To construct the co-expression vectors, the 2A/2A-like sequences are usually incorporated into an adenovirus [75], adeno-associated virus (AAV) [12], retrovirus [76], lentivirus [77,78], or plasmid vector [79,80]. Many other biotechnological applications that depend on the co-expression of multiple genes use 2A/2A-like sequences, e.g., the production of antibodies and antigens that can be used in vaccine production [80,81,82,83,84,85], observation of chromatin dynamics and genome (DNA and RNA) editing in the application of cell/gene therapies [78,79,86,87,88,89,90], and development of optogenetic tools [91,92,93]. More examples of viral 2As applications can be found in [94].

4. Conclusions

In this article, we reviewed the 2A/2A-like sequence distribution of viruses and described the occurrence of these motifs in viral species where these sequences have not been previously reported. These findings need to be confirmed through in vitro tests to verify they are active 2A-like sequences.

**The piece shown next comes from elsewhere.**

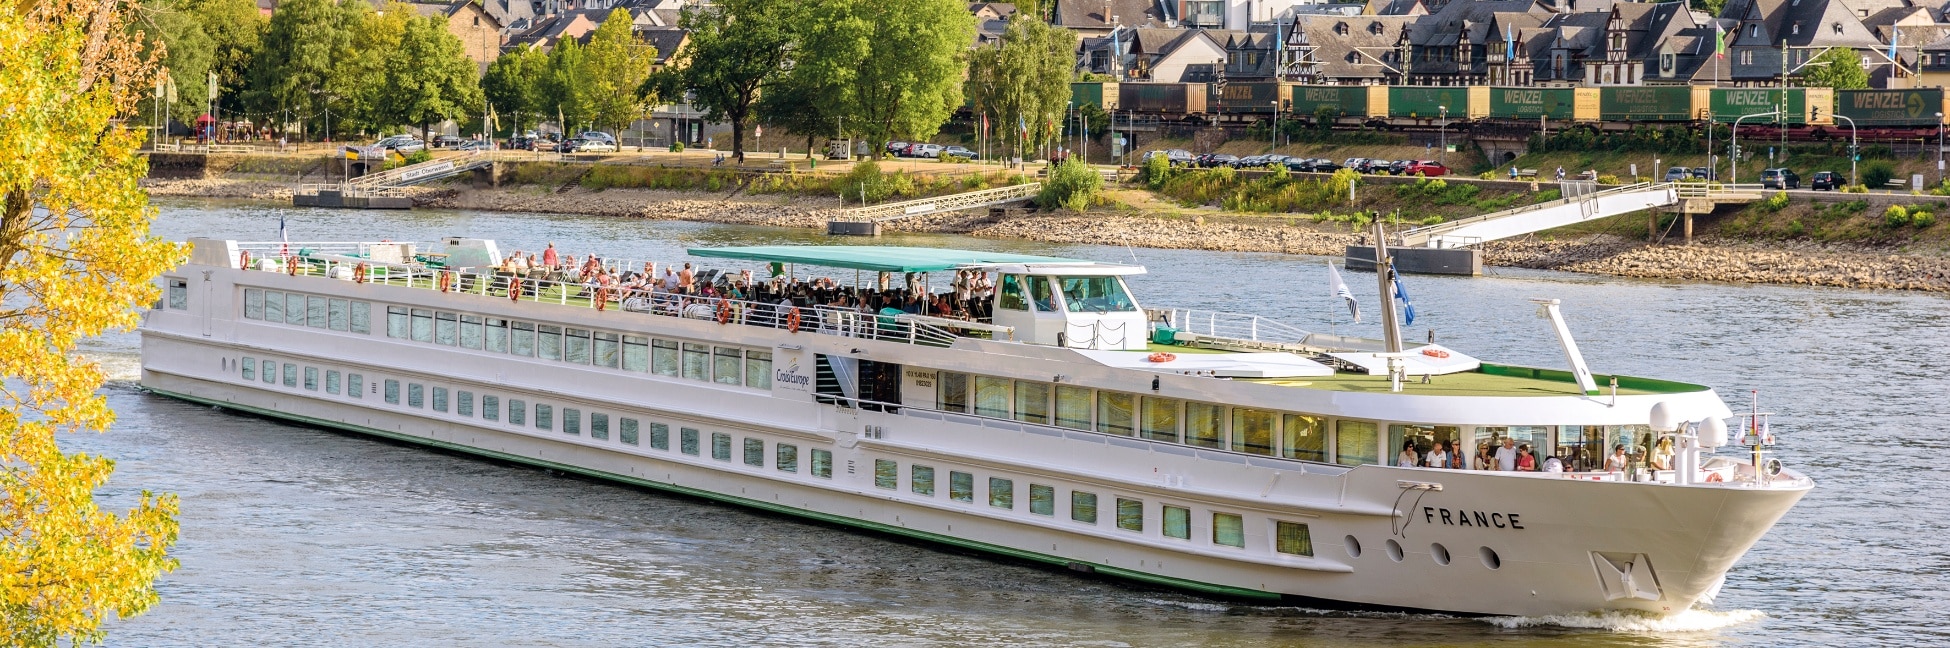 Bookings Open For Croisieurope’s 2023 French Hotel Barge Itineraries

Because of its cleavage function, the 2A/2A-like sequences appear to directly affect the complexity of the viral genome, which plays a decisive role in viral evolution. Additionally, they are excellent alternatives for developing new biotechnological tools that depend on the expression of multiple products, such as vaccines, transgenic approaches, cell/gene therapy, and optogenetic tools.

Author Contributions

Conceptualization, J.G.S.d.L. and D.C.F.L.; methodology, J.G.S.d.L.; writing—original draft preparation, J.G.S.d.L. and D.C.F.L.; writing—review and editing, J.G.S.d.L. and D.C.F.L.; visualization, J.G.S.d.L. and D.C.F.L. All authors have read and agreed to the published version of the manuscript.

Funding

We would like to thank Conselho Nacional de Desenvolvimento Científico e Tecnológico (CNPq) and Coordenação de Aperfeiçoamento de Pessoal de Nível Superior (CAPES) for financial support.

Institutional Review Board Statement

Not applicable.

Informed Consent Statement

Not applicable.

Conflicts of Interest

The authors declare no conflict of interest. The funders had no role in the design of the study; in the collection, analyses, or interpretation of data; in the writing of the manuscript, or in the decision to publish the results.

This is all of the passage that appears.